On Wednesday 22 September 2021 13:42:00 John Figie wrote:

> John Figie
>
>  But if it overshoots the
>
> > commanded position and goes into reverse to bring the motor back by
> > more than a 1 or 2 % drive while the motor is still coasting fwd, it
> > will crowbar the psu, getting it hot instantly, causeing the psu to
> > do a shut down until it has cooled for 2 or 3 minutes. Even then, no
> > heat in the BTS IC's.
>
> So if the motor is rotating forward and has enough inertia then when
> you try to slow it or reverse
> it it will become a generator and try to increase the output voltage
> on the PSU. Is the
> crowbar circuit in the PSU an overvoltage protection crowbar? If so,
> then maybe that is the issue.

I think, from what I have seen on the scope, that yes, its a generator, 
but with the bridge switched in the reversal, its the equ of hooking 
a -24 volt generator to the psu. Equals instant, many amps drawn 
crowbar. Up to that point the psu is running dead cold, but when it 
shuts down, the hot transistors in the psu are hot enough that the 
radiated heat says that corner of the psu is burn your hand hot, in 
milliseconds.  There is no damage, and normal operation is resumed if 
time to cool has been given and power is then cycled off & hack on. That 
FWIW, is a feature of F2 on all my machines. I have not hooked that up 
in hal, mainly because that would kill the power instantly, stopping the 
cooling fan, and extending the enforced stop from 2-3 minutes to around 
10 minutes. On the scope, the dc has no up-spike, it just drops like a 
rock, taking around 10 micro-seconds to get down to 1 volt. That holds 
for several milliseconds while the psu is deciding to shut down from the 
short on its output.

Could the BTS 7960 bridge itself actually turn into a short under those 
conditions?. It has a good sized heat sink that never has a detectable 
heat. With single digit milliohms of R when on, thats is not beyond 
imagining. A subtrate scr perhaps? 

There is a one paragraph description buried in technical gobbledegook in 
the manual.  And there is an INH input but driving it would take 
external full time logic in order to meet its reaction time.
 
> Maybe you need some way to get rid of the stopping energy with a shunt
> resistor and switch that activates
> before the crowbar trips.

Matches my thinking but I haven't pursued it into visualizing the logic 
to do it with. Said another way, I am a C.E.T., getting ancient and 
rusty but w/o enough data to make sense of it. And being a CET, I'd 
druther fix it with finesse, not by making a lot of heat dumping power 
brute force.

> In industrial motion systems a shunt resistor and switch is used to
> regulate the DC bus that feeds
> all of the servo axis.
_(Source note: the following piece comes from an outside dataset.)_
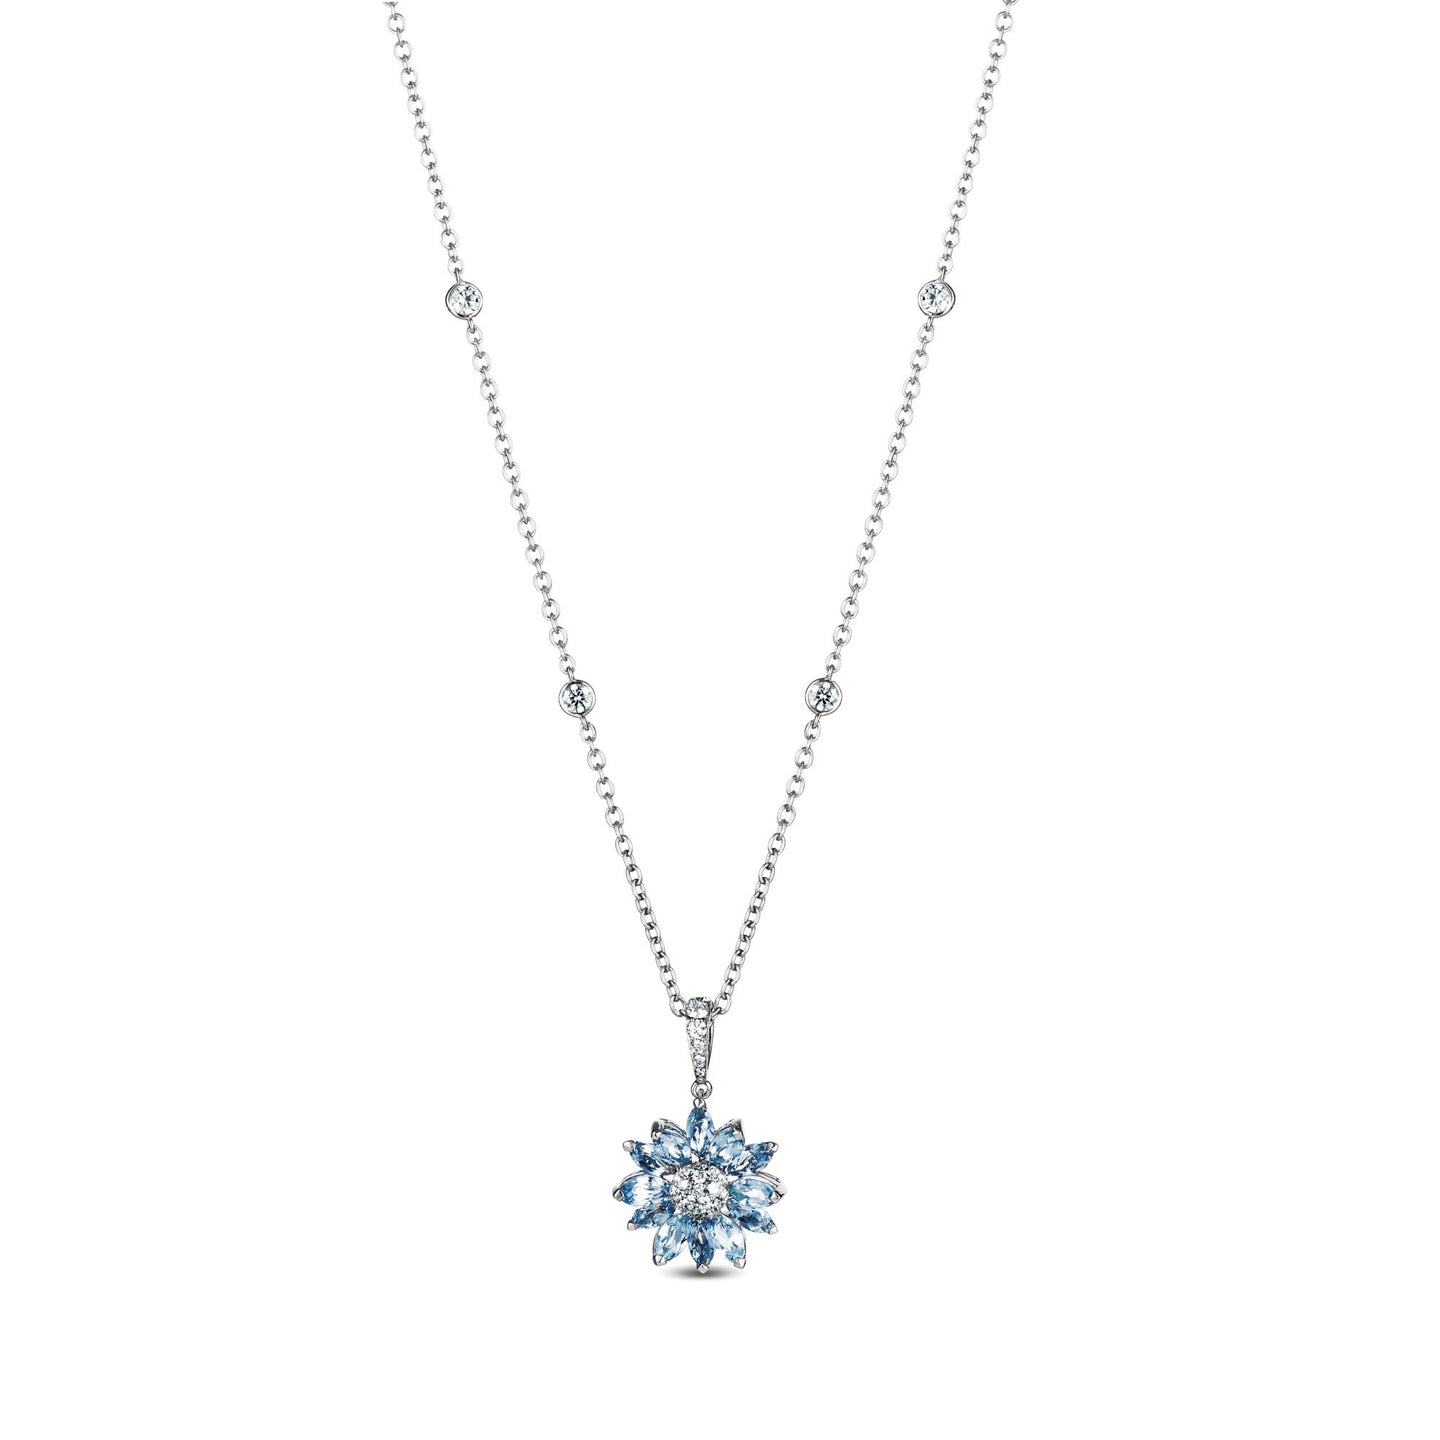 Daisy Pendant in 18ct White Gold with Aquamarine and Diamonds
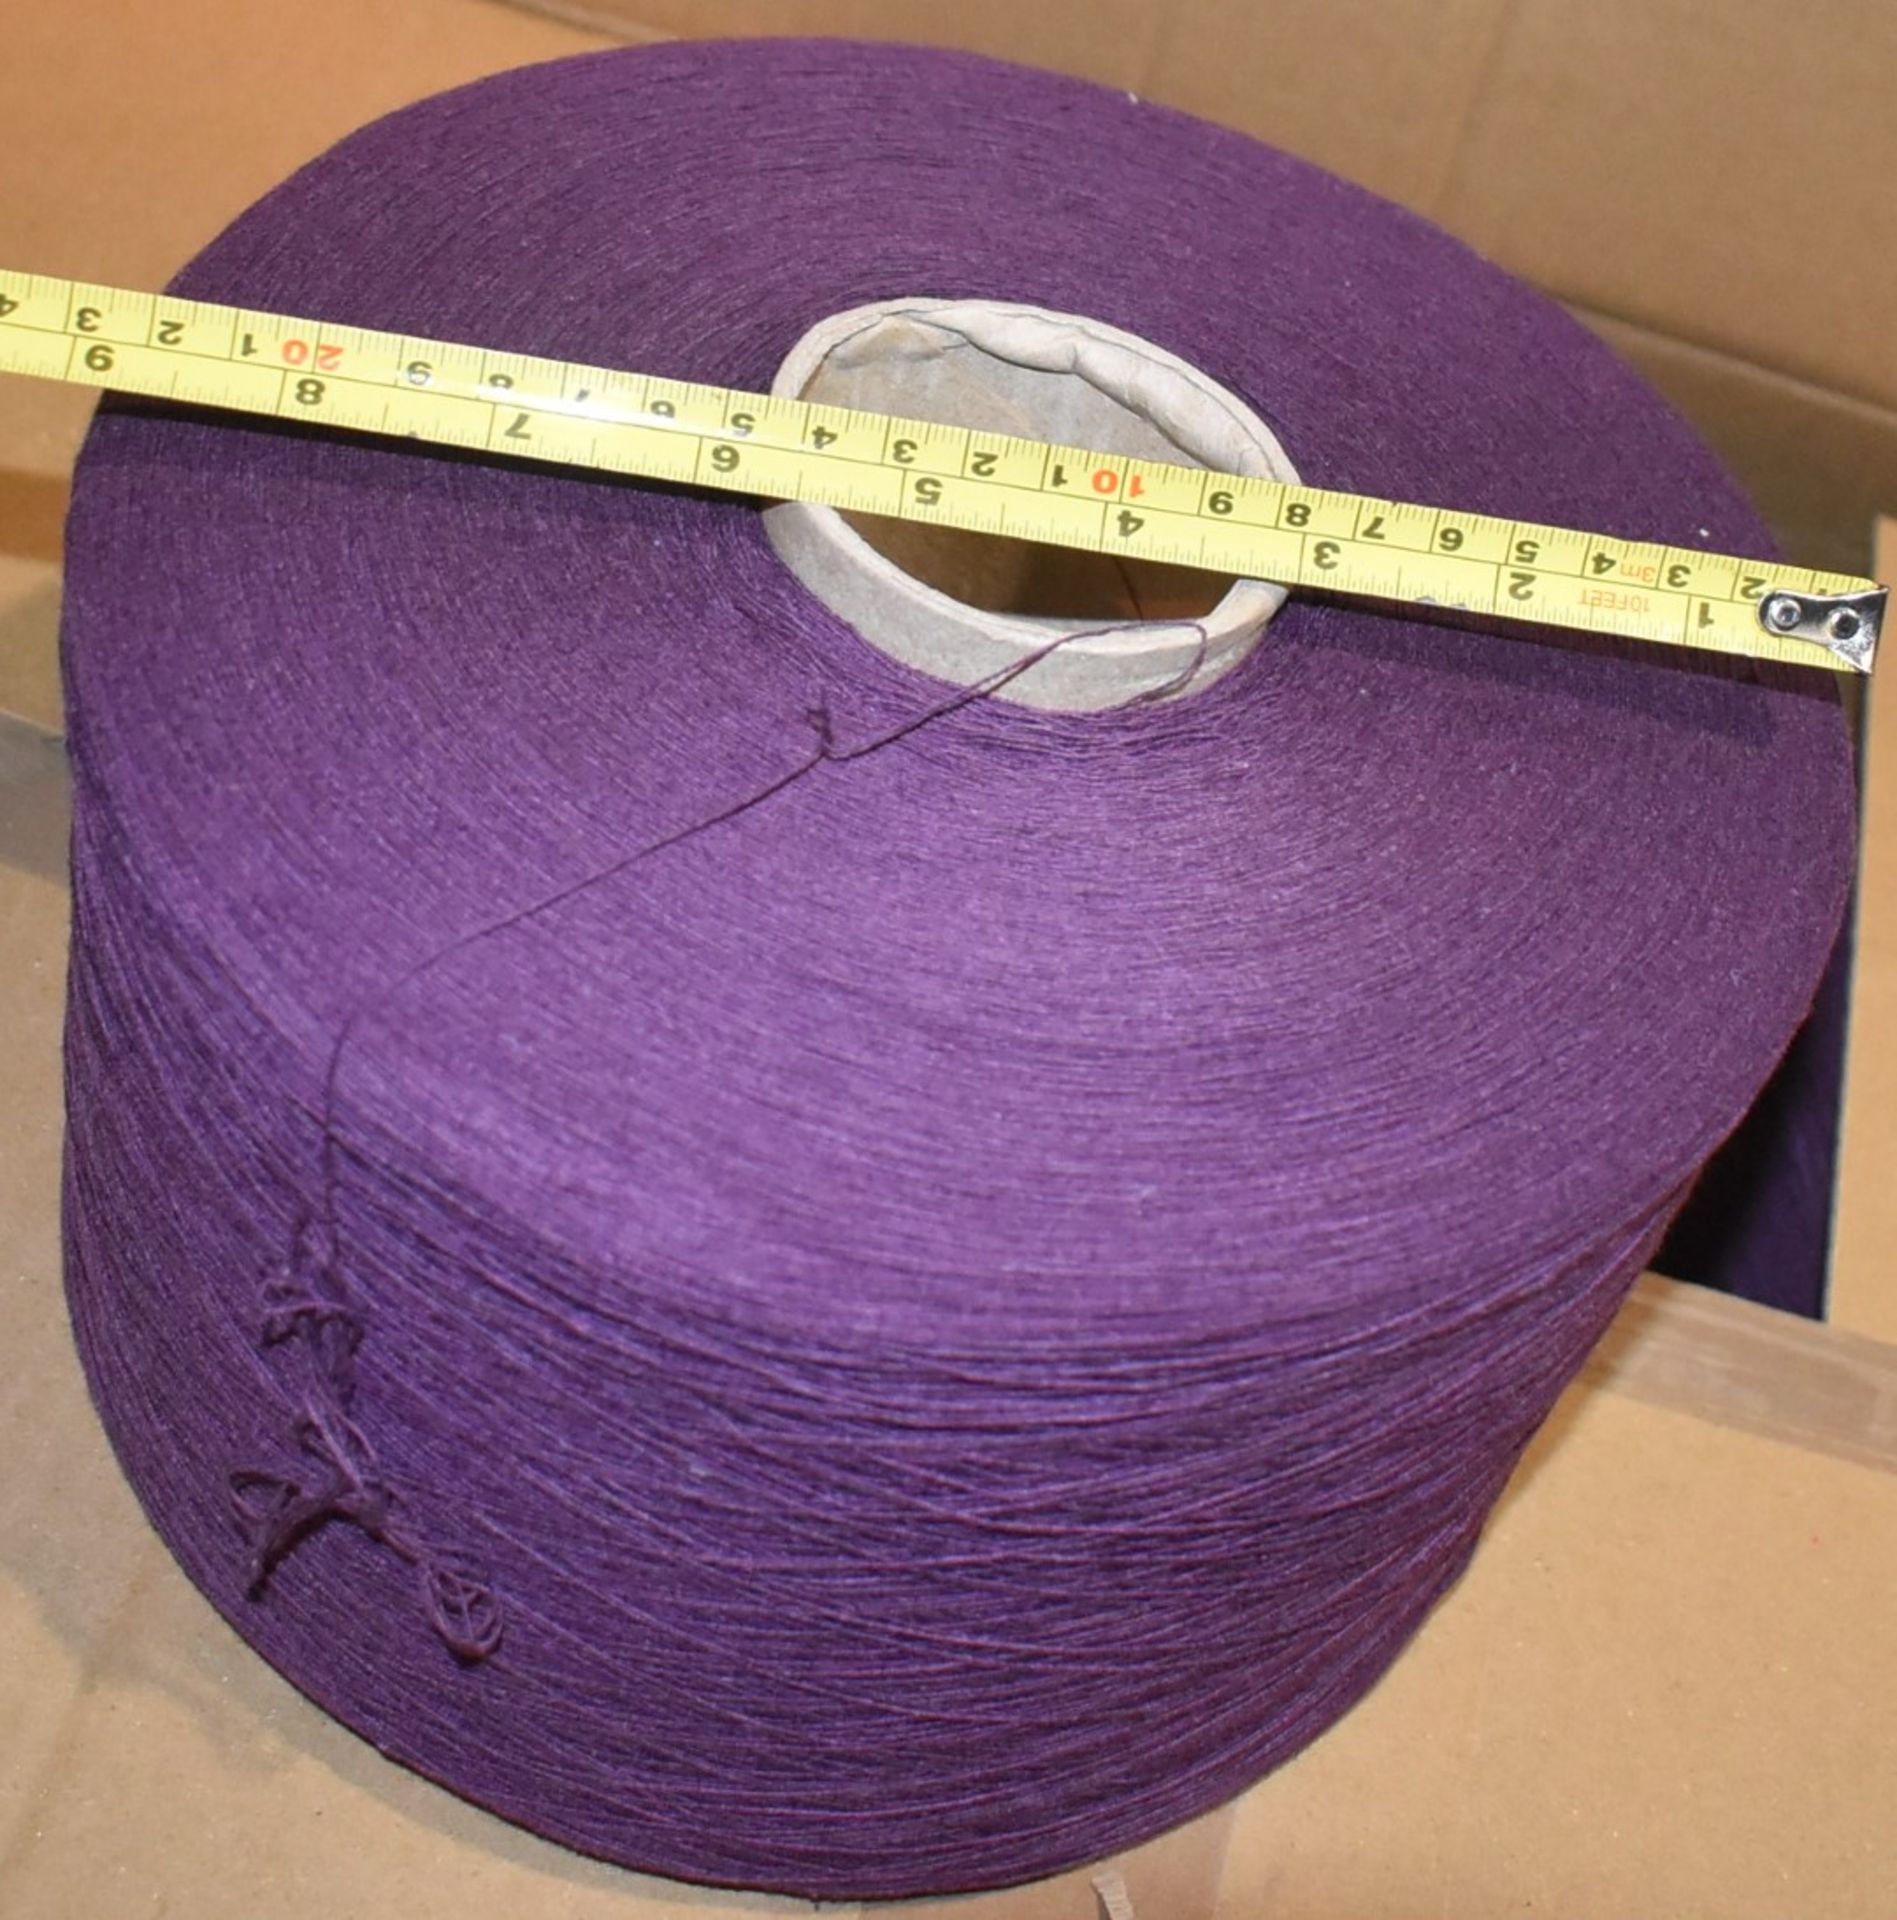 1 x Cone of 1/13 MicroCotton Knitting Yarn - Purple - Approx Weight: 2,300g - New Stock ABL Yarn - Image 7 of 9

This is not a precise voltage regulator, it
> just turns on the shunt as the voltage gets
> above a set limit and then turns off again as the voltage returns to a
> lower limit.
>
I have thought of doing something like that for the spindle psu, which 
shoots well above the surge voltage rating of its filter caps when doing 
a spindle reverse, however its only for a few milliseconds before the 
controller uses that recovered energy to accelerate the spindle in the 
new direction, doing it for free, no noticable surge in the wall current 
draw at all, the surge is of such short duration that there is no 
detectable heating of the caps during the few milliseconds of the 
overvoltage duration.  And its been doing it for 5+ years with zero 
failures. From 3k revs fwd to 3k revs reverse is 350 to 400 
milliseconds.

> Regards,
>
> John
>
Thanks John.

Cheers, Gene Heskett
-- 
"There are four boxes to be used in defense of liberty:
 soap, ballot, jury, and ammo. Please use in that order."
-Ed Howdershelt (Author)
If we desire respect for the law, we must first make the law respectable.